If you’ve never felt at home with a piping bag in your hands this chocolate extruder will come to your rescue. It can replace the plastic extruder head on your 3D printer (RepRap, Makerbot, most 3-axis CNC machines, etc.), letting you turn your digital creations into decadent reality.

The head uses a progressive cavity pump to feed the chocolate from a reservoir through the printing nozzle. It’s important to keep the chocolate warm or it will set up so when [Tomi Salo] designed the print head he included a heat shroud through which warm air can be circulated. He uses a shoe dryer to source the hot hair which is patched into the heat shroud with a length of tubing.

This extruder can be 3D printed but be careful what material you use. [Tomi] mentions that PLA is ‘sort of food-safe’ but ABS is not. We wonder if the design could be altered for milling out of aluminum or stainless? At any rate, if you’re going to give it a try you might find [Tomi’s] advice on working with chocolate useful.

[via @clothbot]

Comments

  1. Thatcher says:

    How about HDPE? That’s often used for food packaging (milk).

  2. Volfram says:

    Far more interesting to me: this extruder can print fluids. That should make recycling of PLA and ABS scrap easier.

  3. dreamer says:

    This will turn a generation of women in to technologists.

    • Justin says:

      You know what women like better than chocolate? They like to not be treated like a negative stereotype.

    • D says:

      Actually, from what I read, he did not make chocolate a gender specific quality. Implying that women enjoy chocolate in no way excludes men or any other gender definition from enjoying it. Furthermore, he was not implying that women are not interested in technology because chocolate has not been involved. His joke suggested women would become more interested in technology because of a new application of it, where previous applications have failed to spark their interests. And finally, his intention was not to reduce an entire gender to nothing more than crazed chocolate acolytes. He was merely providing humor drawing upon a popular, even if not entirely accurate, caricature of a gender. And even if it is a stereotype, it’s just as much a stereotype as the comment bellow about “fat hackers” or your assumption that he is bringing about the downfall of respect of women.

      • Renee says:

        “His joke suggested women would become more interested in technology because of a new application of it, where previous applications have failed to spark their interests.”

        That’s exactly my point, women aren’t any less interested in tech than men and drawing on an overused stereotype is annoying if it’s in your face all the time.

        I’m a woman and I’m here obviously but at the same time I’m constantly talking about 3d printing with everyone and the response is always

        “Wait……woah, awesome!”

        So I see no reason why women have to be pandered to in any special way.
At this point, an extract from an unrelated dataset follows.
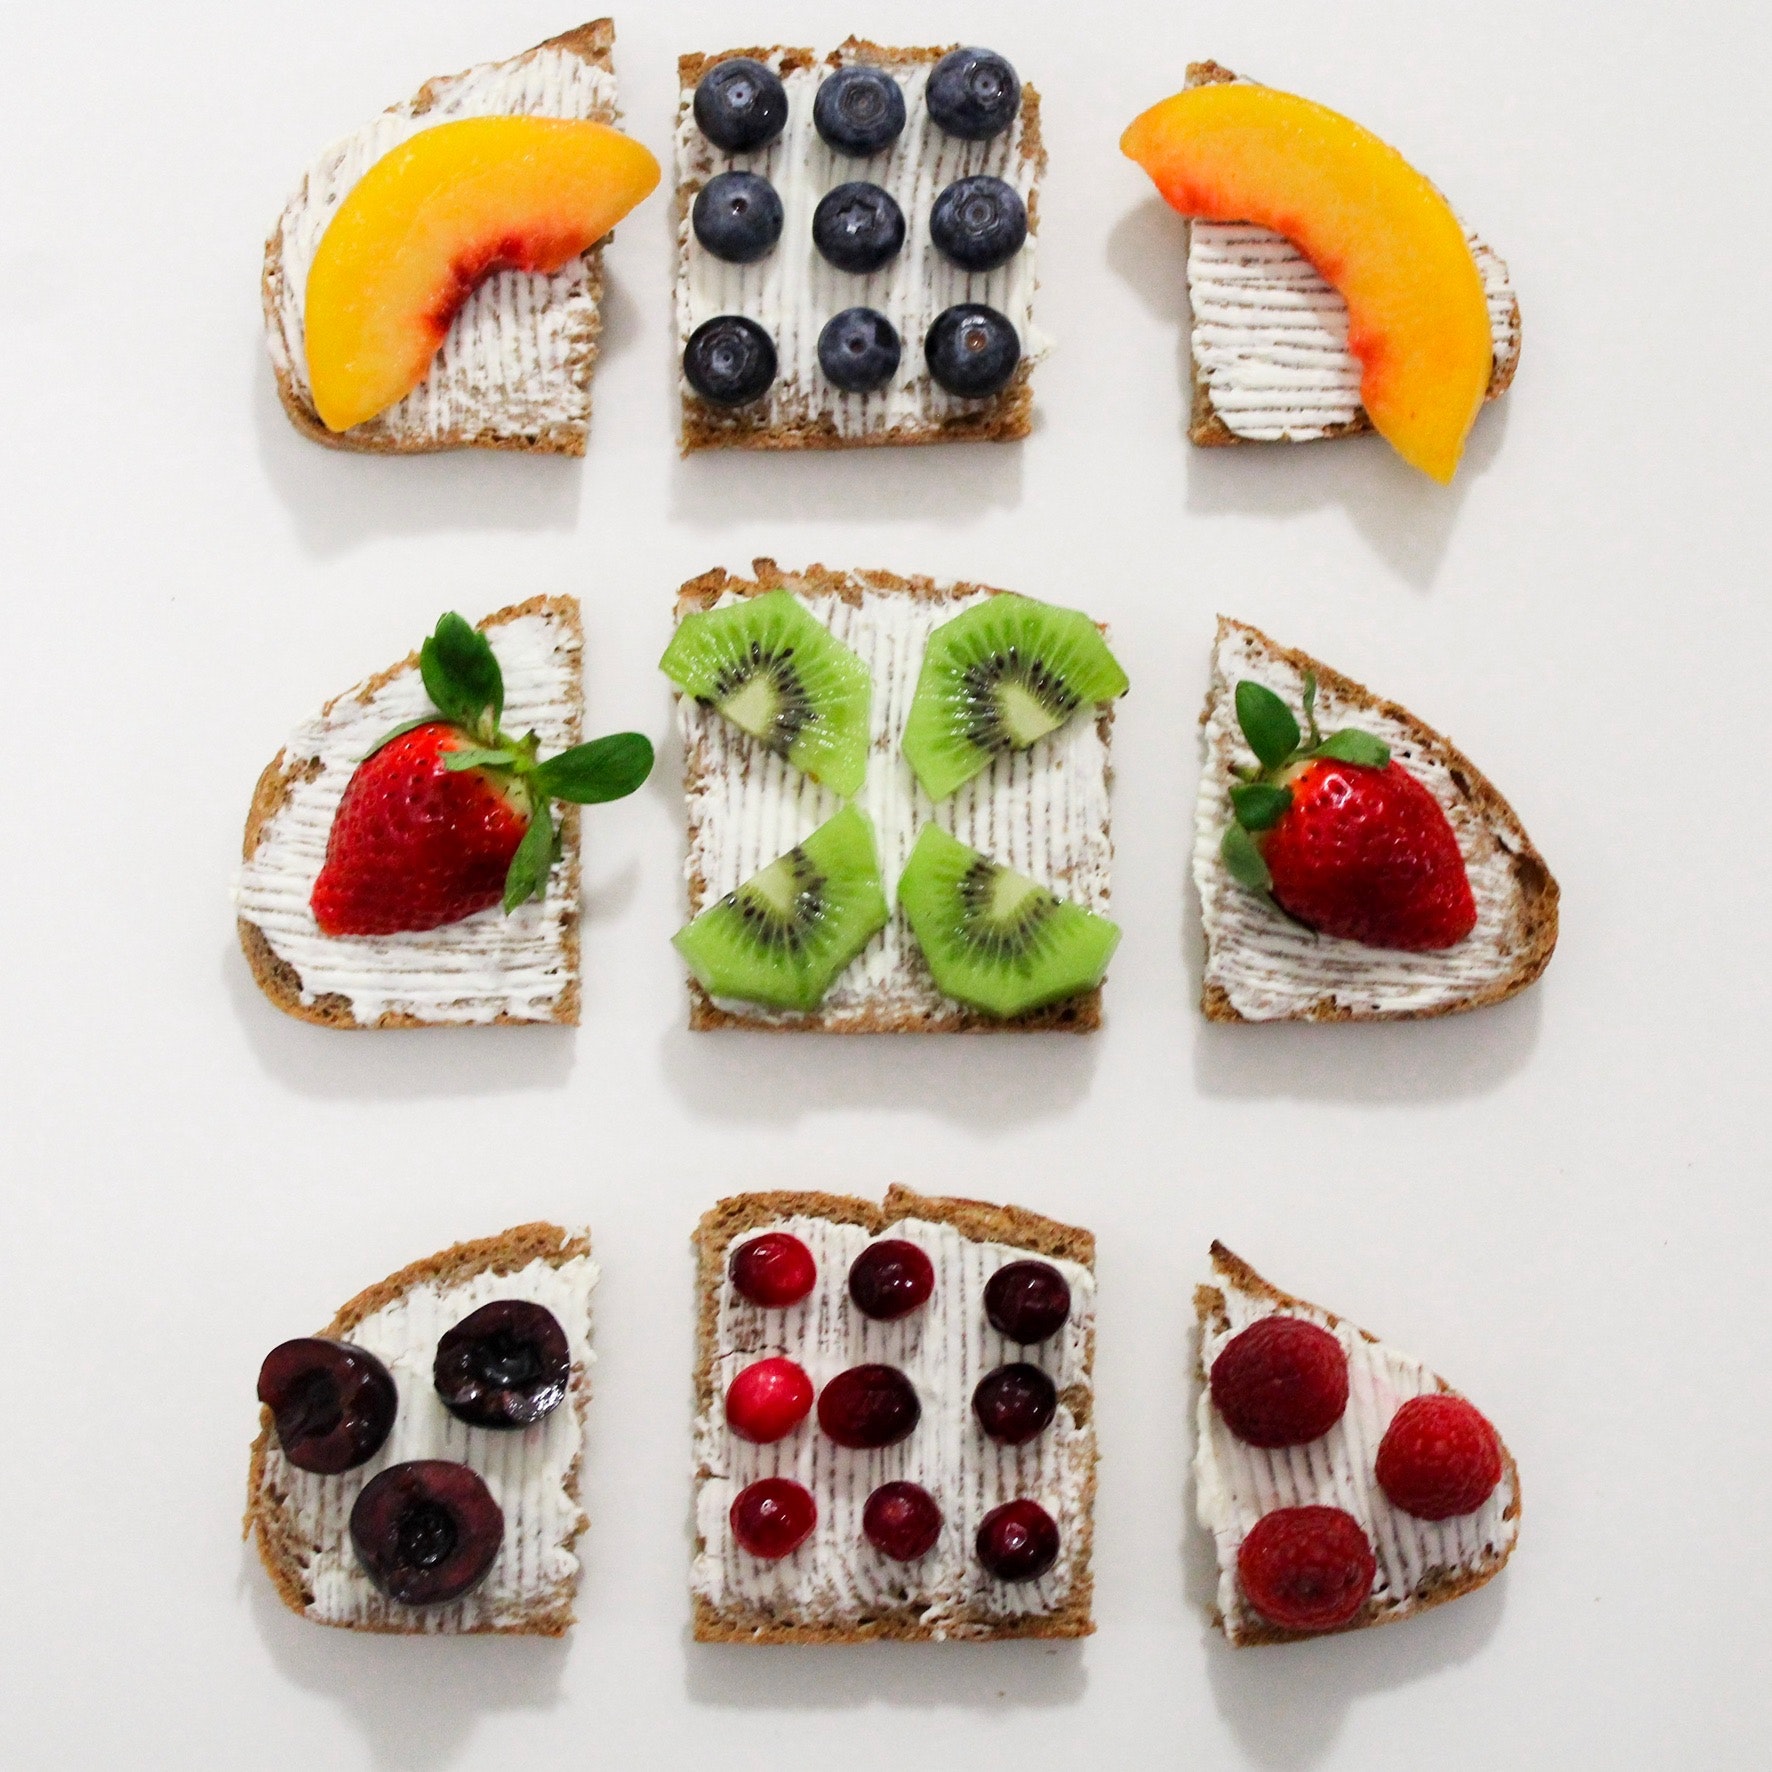 Baked breads with fruit toppings photo

Like I said before, if you have to deal with this crap everyday, it get’s annoying and becomes damaging.

        There is nothing about technology that makes in intrinsically more interesting to men, nor is there anything about men or women that make them intrinsically more or less interested in things like that.

        Just a society with messed up concepts about how things are.

  4. Jim says:

    This is a step closer to being able to print wax.

    Wax prints could then be used to make lost-wax castings, thus turning 3-D printed prototypes into durable, usable, metal objects.

  5. Hirudinea says:

    This is just what the stereotypical fat hacker needs.